Но ведь дядько Илья был еще жив! Ну не сразу же он помер в этой норе! Просто нужно было торопиться, и торопиться нужно было ей, дочери владимировой, потому что это было ее дело, и сделать его, кроме нее, было некому. Ради отца.

Он ведь спохватится, да поздно будет.

Она и сама не понимала, откуда у нее, шестнадцатилетней, взялась эта твердость в разговоре с землекопами и плотниками, этот тон заказчицы, ослушаться которую — себе дороже, а вот откуда брались золотые гривны — объяснять не надо. Монистов у дочери Владимира никто не считал. И никто уже не посчитает. Если спросят, — ну, скажет, засунула куда-то, а куда — забыла. Пустяки это.


****

Денник натальиного коня был, считай, отдельной конюшней, стоявшей наособицу. Девушка, летавшая в детстве выше крыши дружинной избы, выбрала себе коня — зверя, который разносил вдребезги любой денник, чувствуя рядом других жеребцов. Подпускал к себе только конюха и хозяйку. Конюха Наталья выбрала (как знала!) Поликарпа, того, что ухаживал раньше за муромцевым Сивкой. Старик понял ее с полуслова. Это он удивительно быстро нашел и привел землекопов и плотников, незнакомых, молчаливых и быстрых. Землю Поликарп вывозил на тележке для навоза, никто в его сторону и не посмотрел.

Наталья помнила, как ее позвали (она сама так велела): «Уже близко, хозяйка. Заканчивать будем», как с последним ударом воздух качнулся в душную яму, и она, расталкивая работников, ворвалась туда первой. Илья полулежал, прислонившись к стене, с закрытыми глазами, и она, испугавшись, била его по щекам. Он открыл глаза, улыбнулся светло: «Ох, Наташка, княжья дочь. Пороть тебя некому было».

— Дяденька Илья, убегай быстрее, мы с Поликарпом и коней подготовили.

— С Поликарпом? Это хорошо. (Поликарп, уже стоявший рядом и державший факел, расплылся в улыбке в ответ на улыбку Ильи. Подбоченился гордо.) Только никуда я, княжна, не побегу, — сказал Илья твердо и спокойно. — Не Илье Муромцу по русской земле от русского князя бегать. Позор это. Здесь буду. Подожду, пока князь одумается. А придумала ты хорошо, только сама сюда больше не ходи — не гневи отца. Поликарп поможет.

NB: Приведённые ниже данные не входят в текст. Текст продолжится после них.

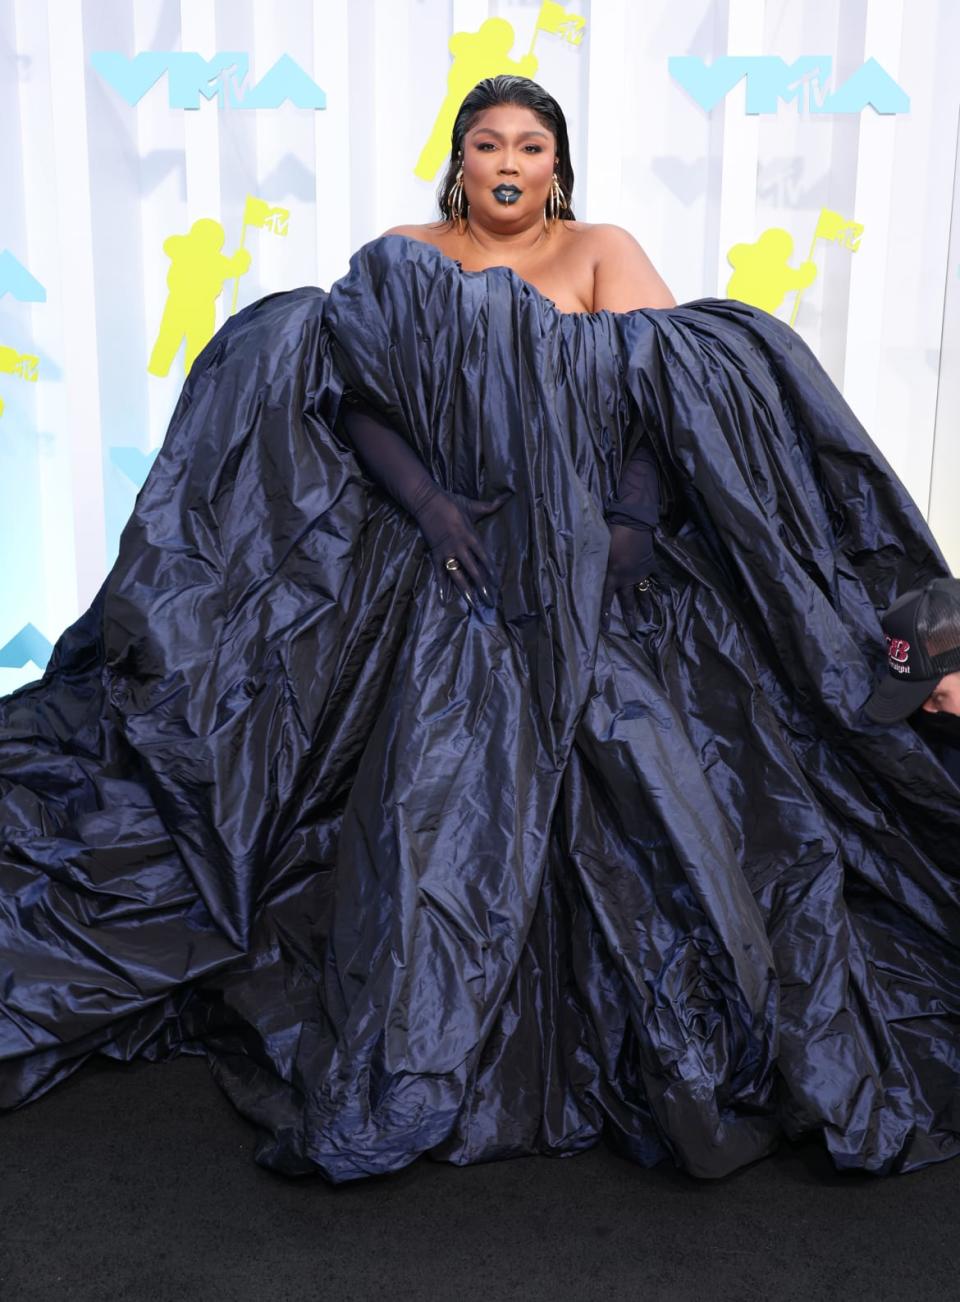 <div class="inline-image__title">Lizzo</div> <div class="inline-image__caption"><p>Lizzo in swathes of luxuriant Jean Paul Gaultier Couture.</p></div> <div class="inline-image__credit">Cindy Ord/WireImage/Getty</div>

Конюх часто и готовно закивал.


****

Конечно, она приходила: как же дядьке без женского догляда. Ход расширили, сделали ровным, удобным. Еще один ход — прямо наверх, узкий, — для дыхания. Лавки и стол плотники сделали прямо на месте, в яме. За дощатыми стенками — отхожее место. Поликарп чистил и носил воду. А свечи и еду с питьем Наталья носила. Дядько Илья еще Святое Писание попросил, читал, чуть шевеля губами. Наталья радовалась, а может, плакать хотела всякий раз, когда видела его таким: за столом, над книжкой, легкая седая прядь на лбу.


****

И пронеслось по Руси: нет больше Ильи Муромца. Замурован в яме по приказу князя Владимира, и косточки его сгнили. Нет больше заступника.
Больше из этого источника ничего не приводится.